Mia madre viaggia per il mondo mentre io e mio figlio viviamo indebitati. Non dovrebbe aiutarci? Sono rimasta scioccata dalla sua risposta 😢

STORIE POSIITIVE

Mia madre è in pensione. Ha lavorato come contabile per anni, sempre attenta e parsimoniosa, risparmiando ogni centesimo. Mentre altri spendevano soldi in ristoranti, vestiti alla moda o ristrutturazioni, lei conduceva uno stile di vita modesto e risparmiava… “per la vecchiaia”.

Ma oggi, questa “vecchiaia” non è affatto come me l’ero immaginata. Mia madre viaggia, si rilassa sulle spiagge, naviga nel Mediterraneo su yacht, assaggia piatti esotici e mi manda foto di sé, felice, con occhiali da sole alla moda, un cocktail in mano e un grande sorriso.

E io, la sua unica figlia, sto annegando nei debiti. Mio marito se n’è andato, mia figlia sta crescendo e faccio fatica a pagare l’affitto, il mutuo e persino il cibo.

E sapete cosa non capisco? Perché mia madre, che ha risparmiato una considerevole somma di denaro per tutta la vita, non mi aiuta? Perché pensa che io debba cavarmela da sola? Non è forse dovere di un genitore aiutare i propri figli, a prescindere dalla loro età?

Di recente, non ho potuto trattenermi. L’ho chiamata e, in sottofondo, sentivo il rumore delle onde e delle risate. Era su un’isola greca. Le ho chiesto: “Mamma, sai quanto è difficile per me… Perché non mi aiuti?”

Ha fatto una pausa, poi ha detto qualcosa che mi ha lasciato paralizzata per ore, incapace di capire come una madre potesse dire una cosa del genere… 😱😱

“Ti amo. Ma se passo di nuovo gli anni che mi restano a salvare gli altri, chi salverà me? Sei un’adulta. E finalmente vivo per me stessa. Trovatelo voi.”
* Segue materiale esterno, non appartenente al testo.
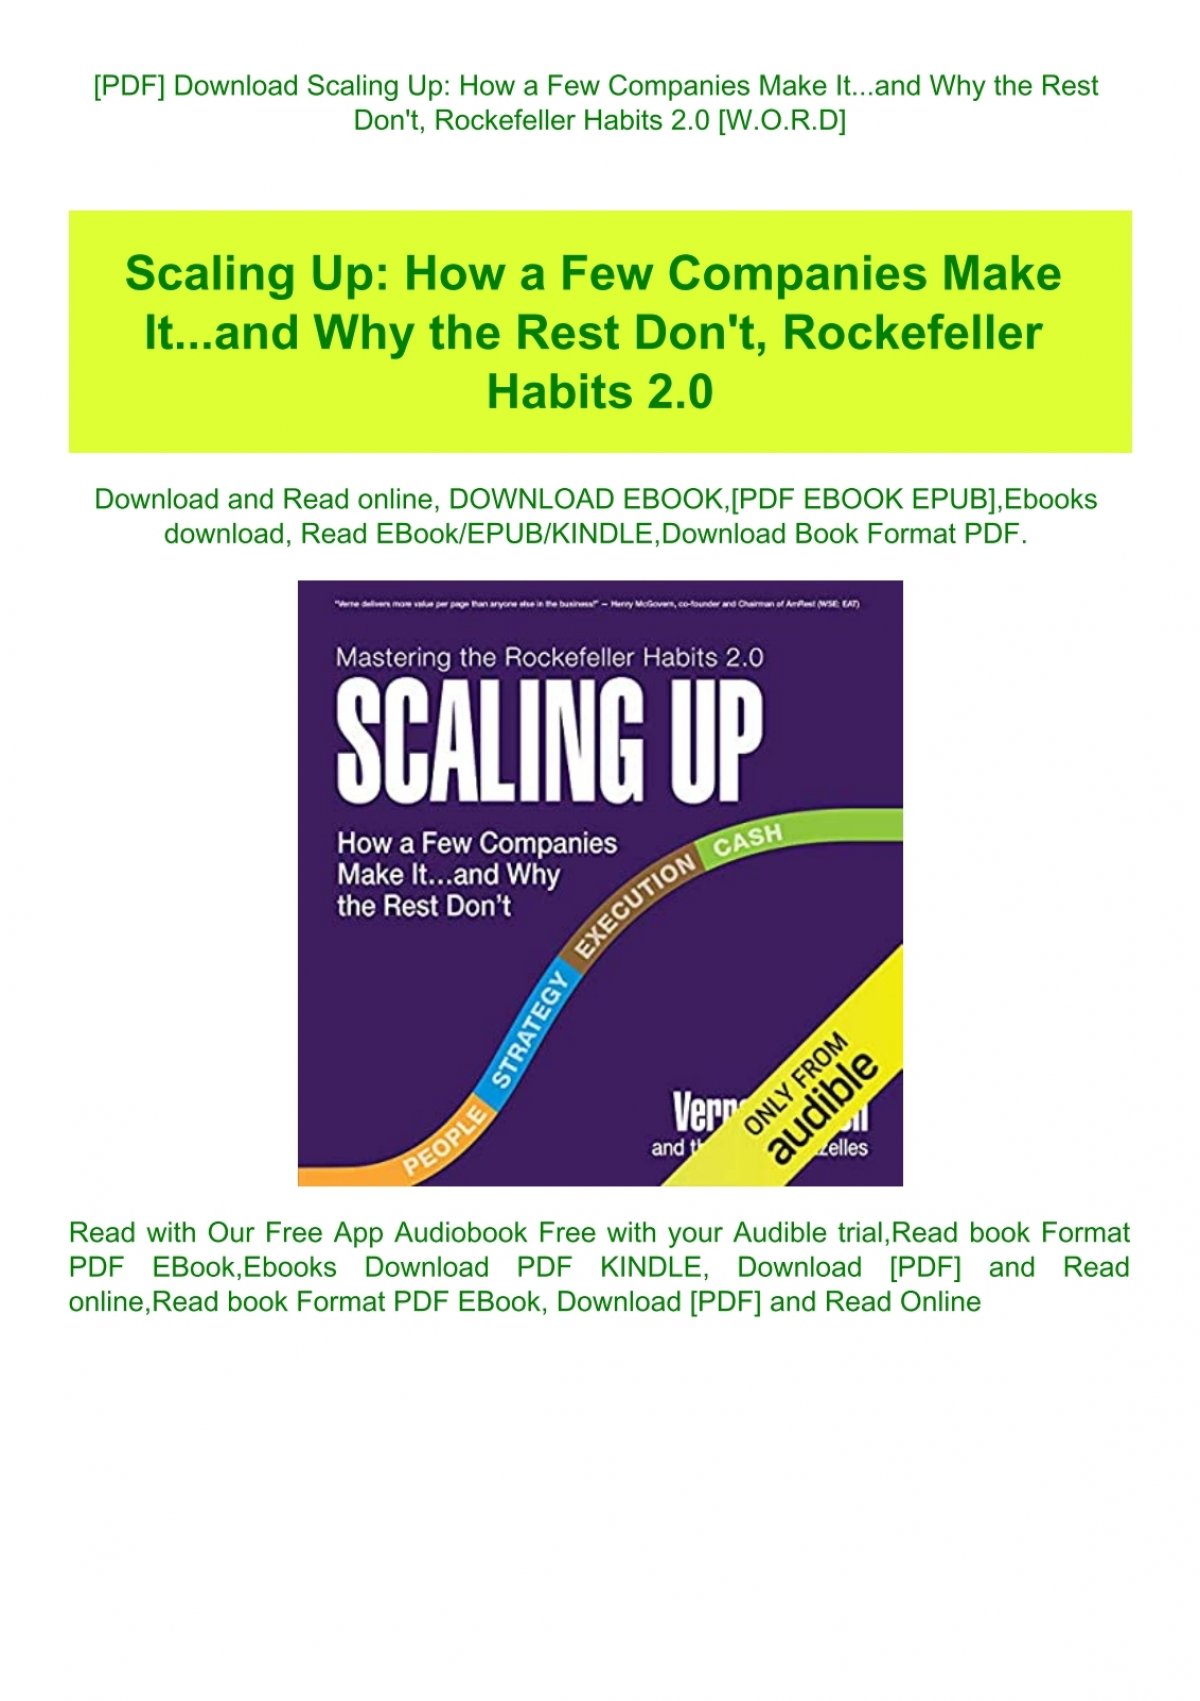  Scaling Up: How a Few Companies Make Itand Why the Rest Don't  (Rockefeller Habits 2.0 Revised Edition): 9780986019593: Harnish, Verne:  Books

Sono rimasta in silenzio, incerta su come rispondere. Era egoismo… o, al contrario, saggezza?

Da un lato, mi sentivo tradita. Sono sua figlia. Ero sempre lì quando si sentiva giù. L’ho aiutata quando era in ospedale.

Ho rinunciato ai miei desideri per lei. E ora, quando sono io a soffrire, lei sceglie spiagge e albe su lidi lontani.

D’altra parte… ha davvero vissuto tutta la vita per qualcun altro. Per me, per il suo lavoro, per la sua famiglia. Sempre risparmiando, risparmiando. Forse ha semplicemente deciso – finalmente – di vivere per se stessa?

Che ne pensi? Mia madre aveva ragione? O la responsabilità genitoriale non finisce con la pensione?